7 Il 30 settembre 1992 le ricorrenti hanno proposto al Tribunale un ricorso d' annullamento avverso la decisione che asserivano essere contenuta nella lettera 31 luglio 1992. I motivi su cui si fonda il ricorso sono esposti ai punti 19-21 della sentenza impugnata.
8 La Commissione ha eccepito l' irricevibilità del ricorso, deducendo in particolare (v. punti 14-18 della sentenza impugnata) che la lettera 31 luglio 1992 non costituiva un atto che riguardasse direttamente e individualmente le ricorrenti, atteso che queste non erano legittimate a contestare la decisione iniziale 19 dicembre 1991 né a chiedere la riapertura del procedimento sfociato nella decisione in parola.
9 Con la sentenza impugnata, il Tribunale ha accolto l' eccezione sollevata dalla Commissione, dichiarando il ricorso irricevibile.
10 Le ricorrenti chiedono alla Corte di annullare la sentenza impugnata, di respingere l' eccezione di irricevibilità sollevata dalla Commissione e di rinviare la causa al Tribunale affinché statuisca sul merito.
11 Occorre anzitutto accertare se la lettera 31 luglio 1992 costituisca un atto impugnabile. La questione è stata peraltro sollevata dalla Commissione tanto dinanzi al Tribunale quanto dinanzi alla Corte.
12 Occorre rilevare in proposito che la pubblicazione dell' articolo sul quotidiano Il Sole 24 Ore, all' origine delle domande sottoposte dalle ricorrenti alla Commissione, non ha costituito, considerate le circostanze del caso, un fatto nuovo. Si evince infatti dal testo stesso della decisione 19 dicembre 1991, come pubblicato, e ancor più nella versione riservata di tale decisione, resa nota alle ricorrenti nel corso del procedimento dinanzi al Tribunale, che la Commissione era al corrente dell' accordo menzionato dal quotidiano italiano allorché ha adottato la decisione 19 dicembre 1991. D' altra parte, le ricorrenti non contestano in realtà nell' ambito della presente impugnazione che la Commissione fosse al corrente dell' accordo al momento in cui ha adottato la decisione, ma censurano la valutazione che la Commissione ha compiuto di tale accordo.

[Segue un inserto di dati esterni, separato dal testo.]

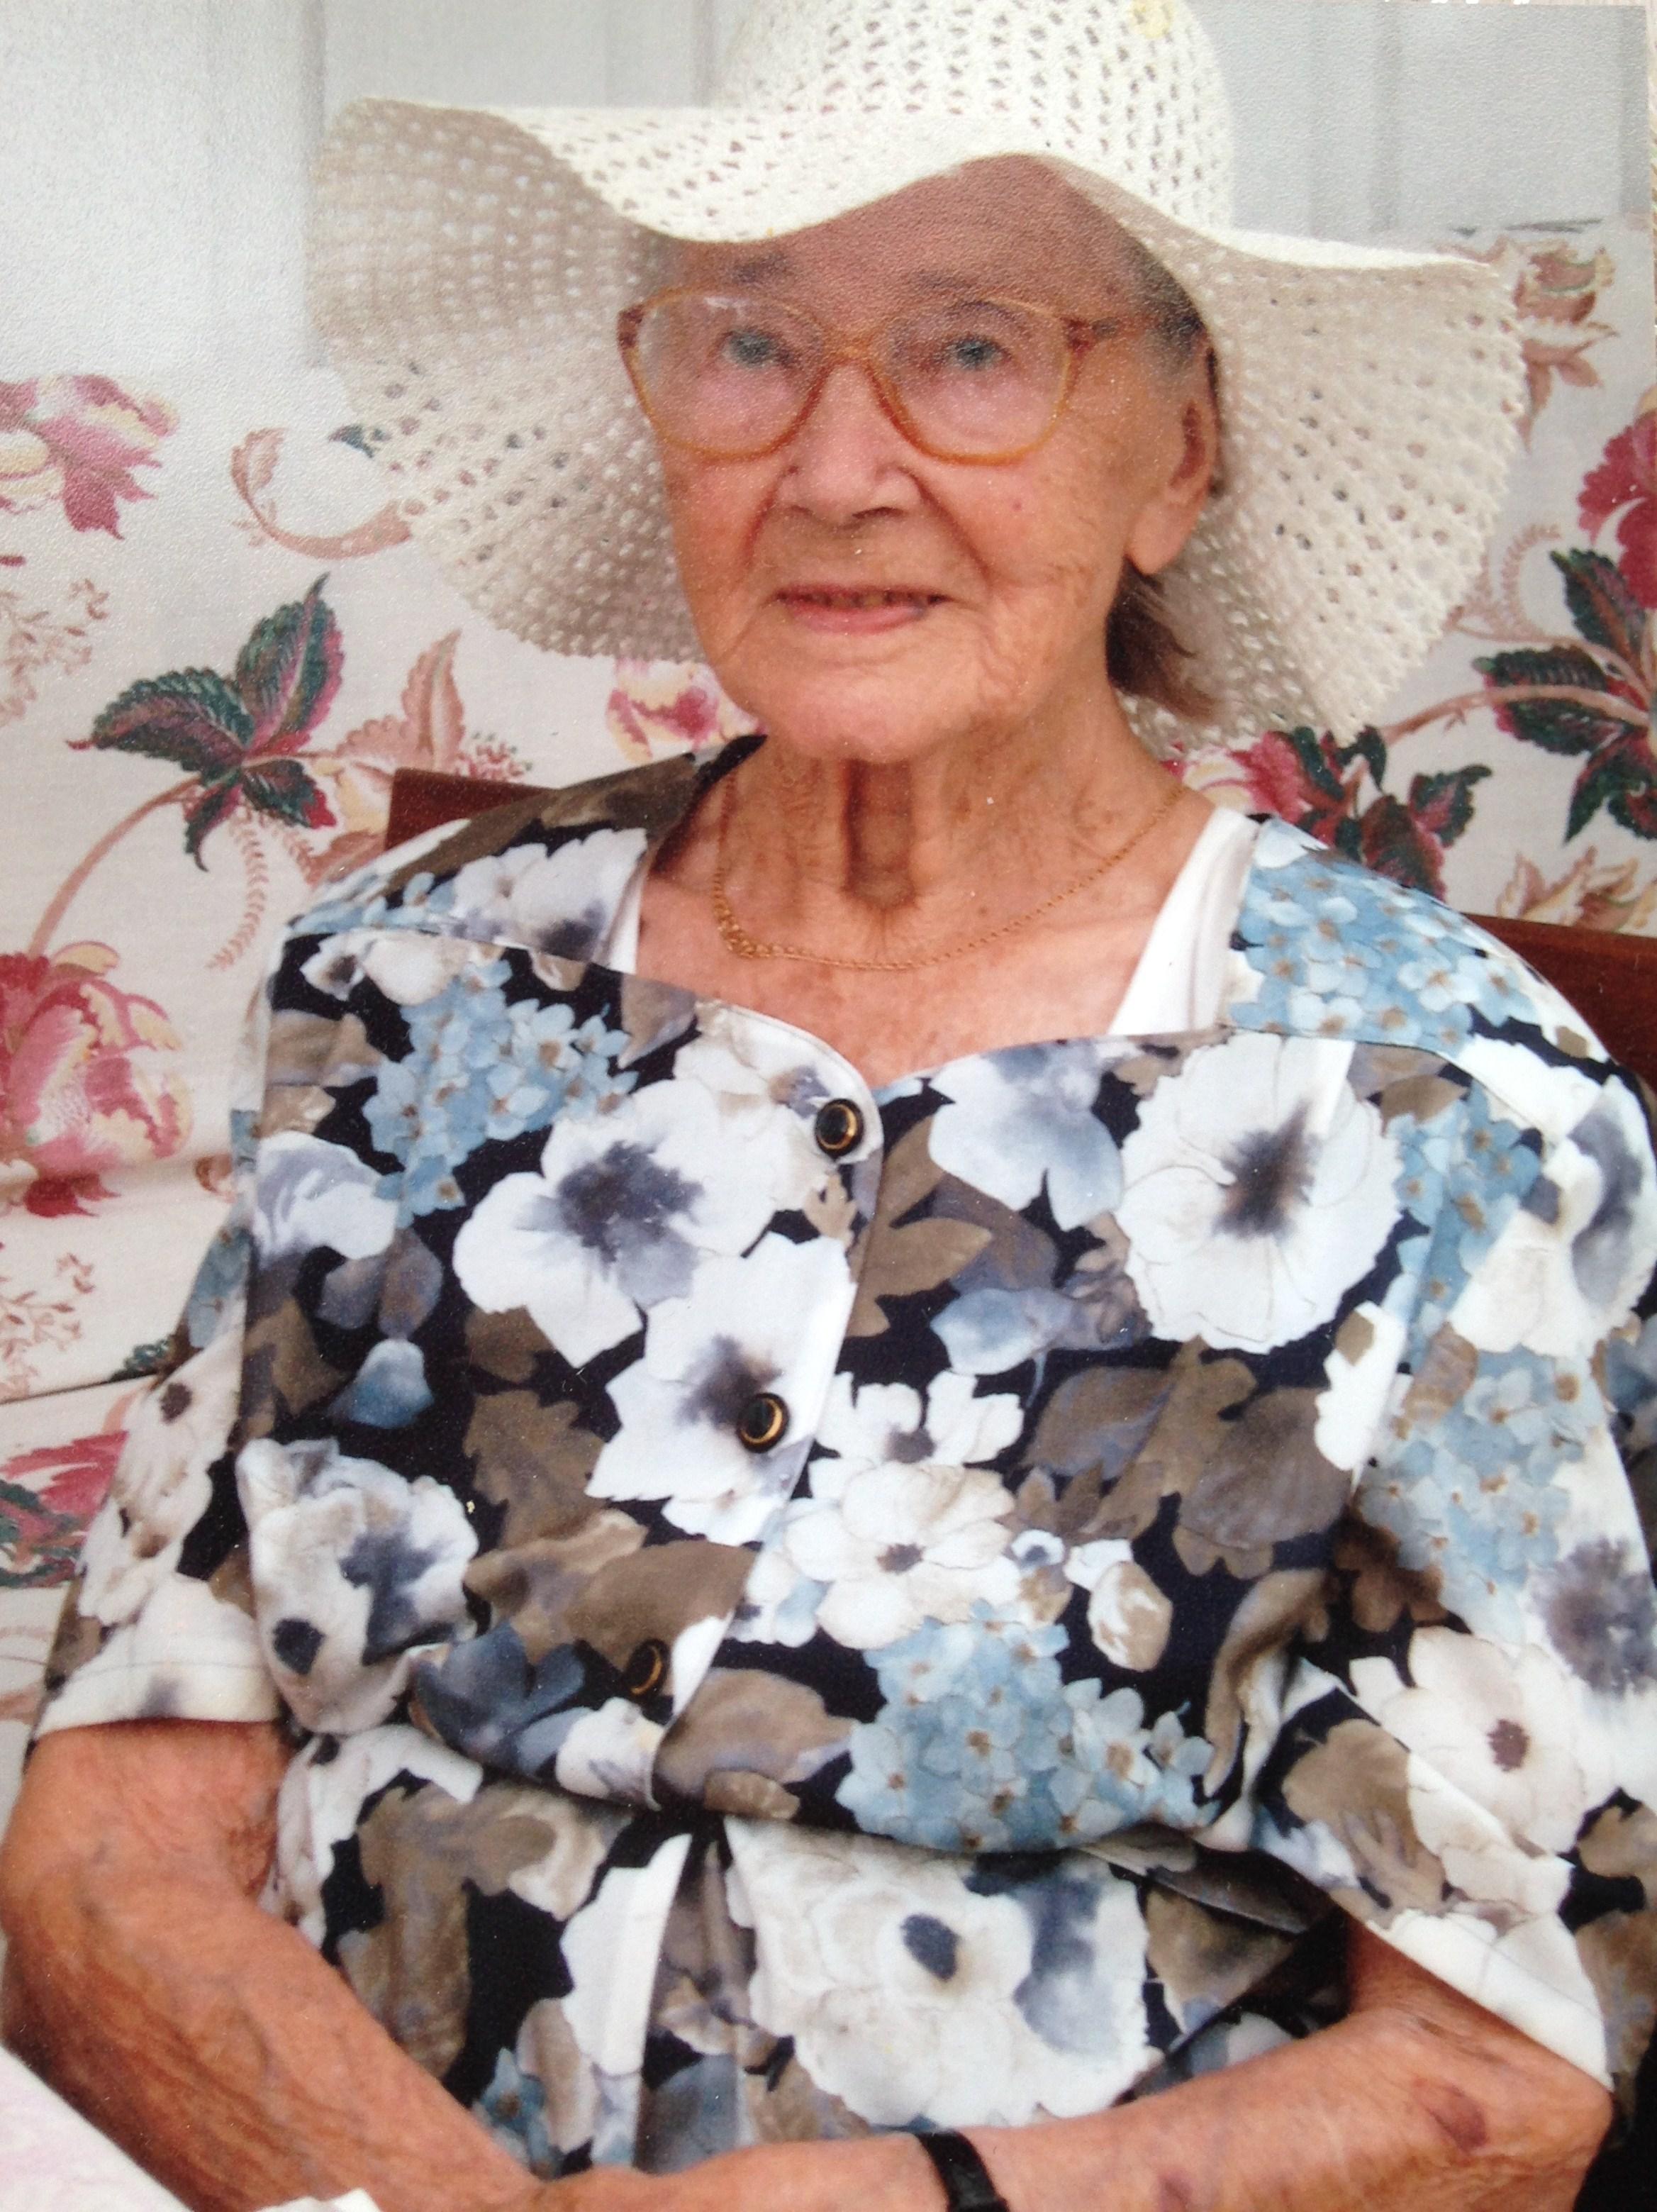 födelsedagsverser 60 år Svea Törnroos – min mamma :: Naisten Ääni födelsedagsverser 60 år

13 In questo contesto, la risposta fornita dalla Commissione il 31 luglio 1991 costituiva, come la stessa sostiene, una decisione meramente confermativa della propria decisione 19 dicembre 1991. Essa si limitava infatti a comunicare alle ricorrenti che la Commissione era al corrente dell' accordo e che non riteneva necessario, pertanto, modificare la propria decisione.
14 Secondo la costante giurisprudenza della Corte, una decisione meramente confermativa di una decisione precedente non è un atto impugnabile (v., in particolare, sentenze 25 ottobre 1977, causa 26/76, Metro/Commissione, Racc. pag. 1875, punto 4, e 15 dicembre 1988, cause riunite 166/86 e 220/86, Irish Cement/Commissione, Racc. pag. 6473, punto 16).
15 Alla luce di quanto sopra, il ricorso proposto dalle ricorrenti dinanzi al Tribunale era irricevibile e poteva soltanto essere respinto. Ne consegue che il dispositivo della sentenza impugnata, seppure per motivi di diritto diversi da quelli esposti dal Tribunale, è fondato (v. ordinanza 3 dicembre 1992, causa C-32/92 P, Moat/Commissione, Racc. pag. I-6379, punto 11).
16 Il ricorso proposto avverso la sentenza de qua deve essere pertanto respinto, senza che occorra esaminare i motivi dedotti dalle ricorrenti.
Decisione relativa alle spese
Sulle spese
17 Ai sensi dell' art. 69, n. 2, del regolamento di procedura la parte soccombente è condannata alle spese. Le ricorrenti sono rimaste soccombenti e devono pertanto essere condannate alle spese del presente grado del giudizio.
Dispositivo
Per questi motivi,
LA CORTE (Quinta Sezione)
dichiara e statuisce:
1) Il ricorso è respinto.
2) Le ricorrenti sono condannate alle spese.